**Recorded information**
________________
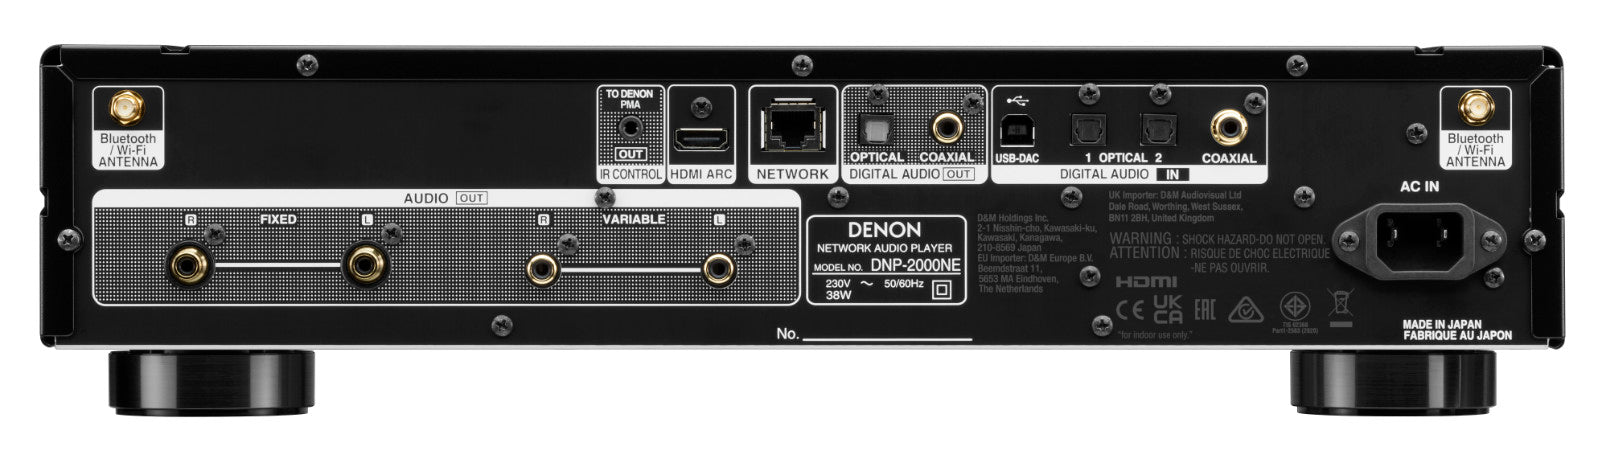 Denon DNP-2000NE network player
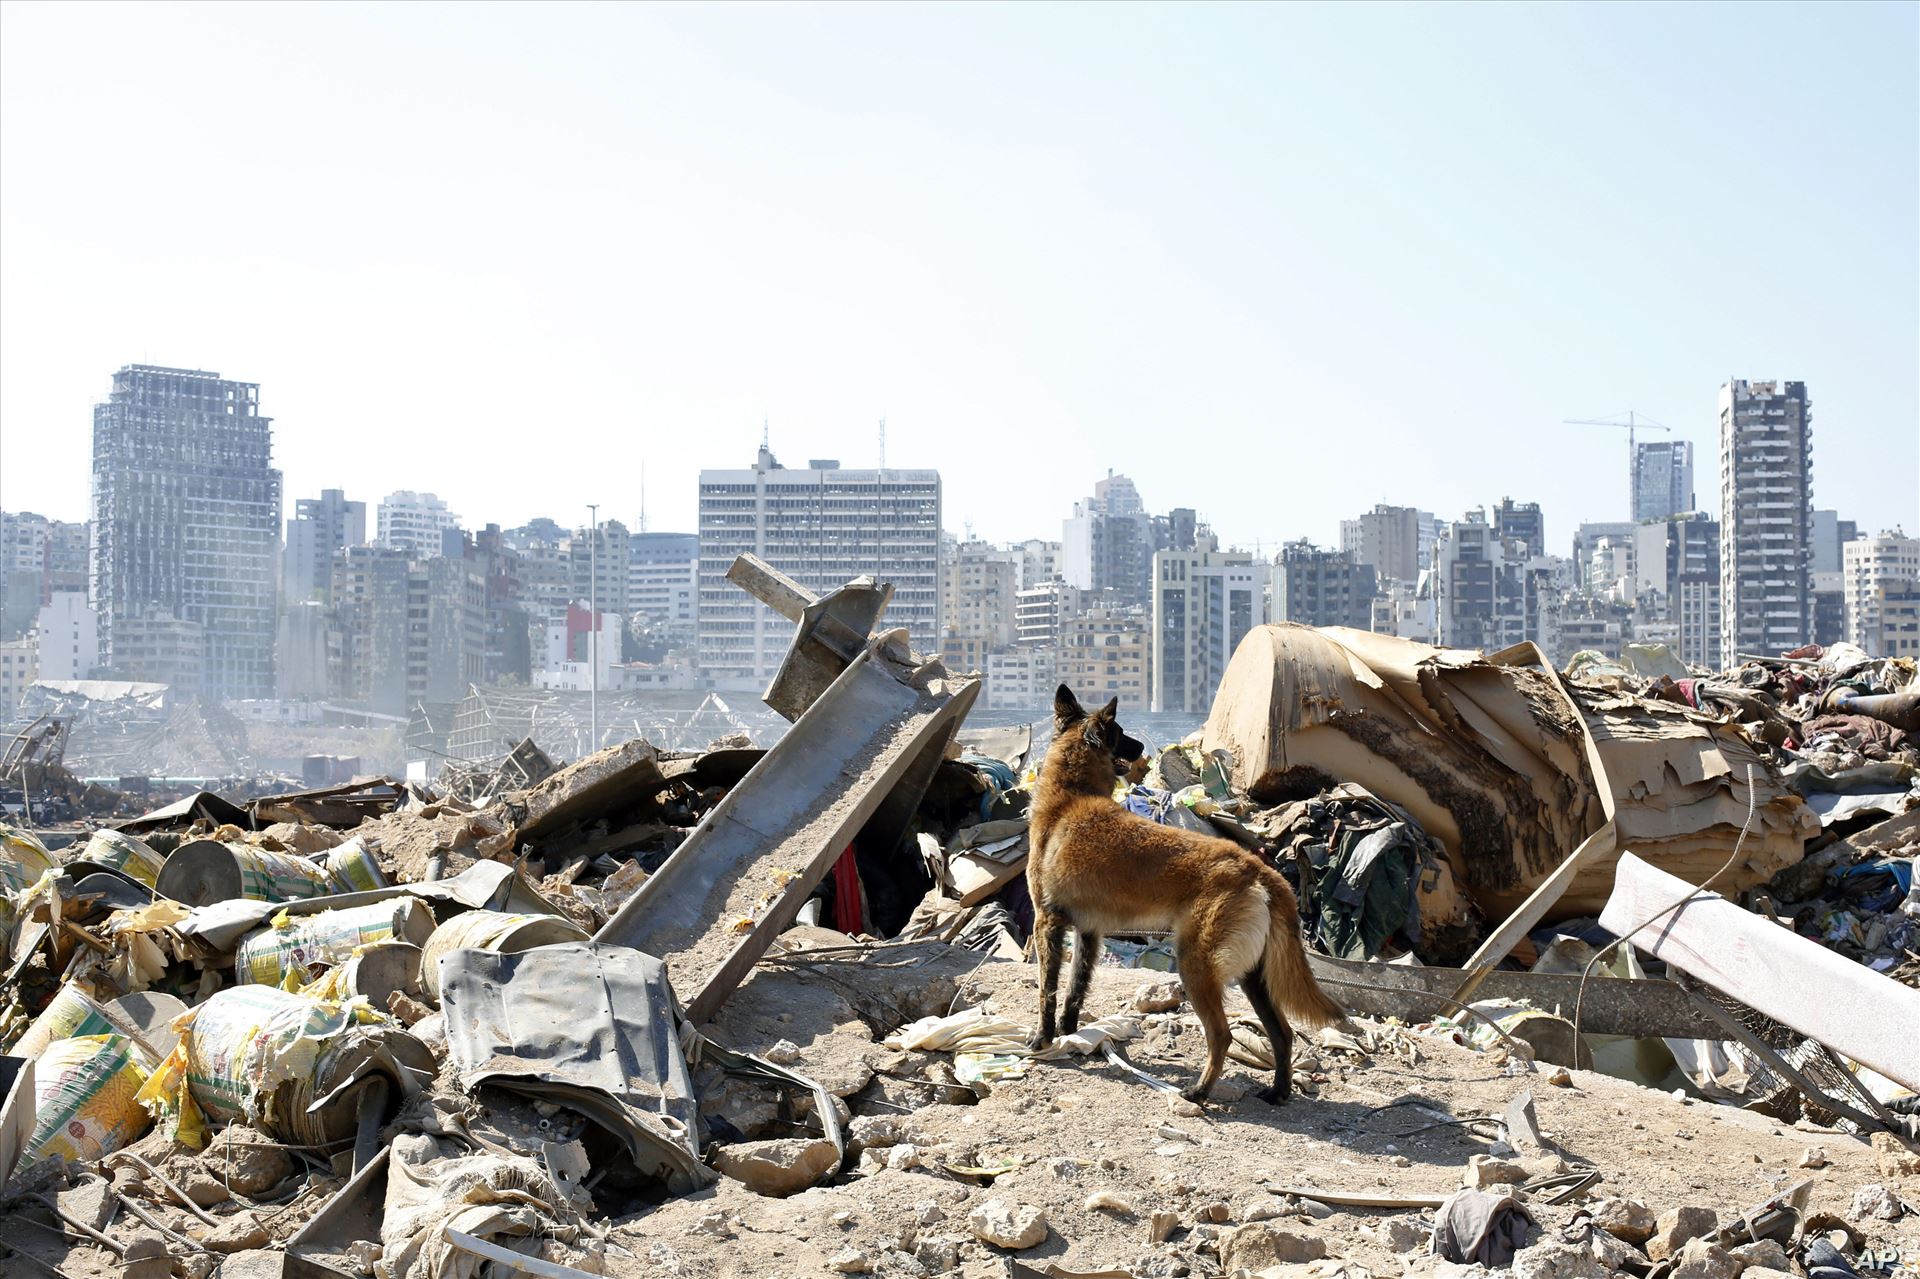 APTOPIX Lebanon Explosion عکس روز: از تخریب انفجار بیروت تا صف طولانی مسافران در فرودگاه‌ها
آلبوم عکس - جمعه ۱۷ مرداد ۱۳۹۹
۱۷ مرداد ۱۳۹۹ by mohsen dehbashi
________________
**What to do**
Should there be pictures in the data, leave them out and return the rest exactly.

**Task output**
 Denon DNP-2000NE network player
 APTOPIX Lebanon Explosion عکس روز: از تخریب انفجار بیروت تا صف طولانی مسافران در فرودگاه‌ها
آلبوم عکس - جمعه ۱۷ مرداد ۱۳۹۹
۱۷ مرداد ۱۳۹۹ by mohsen dehbashi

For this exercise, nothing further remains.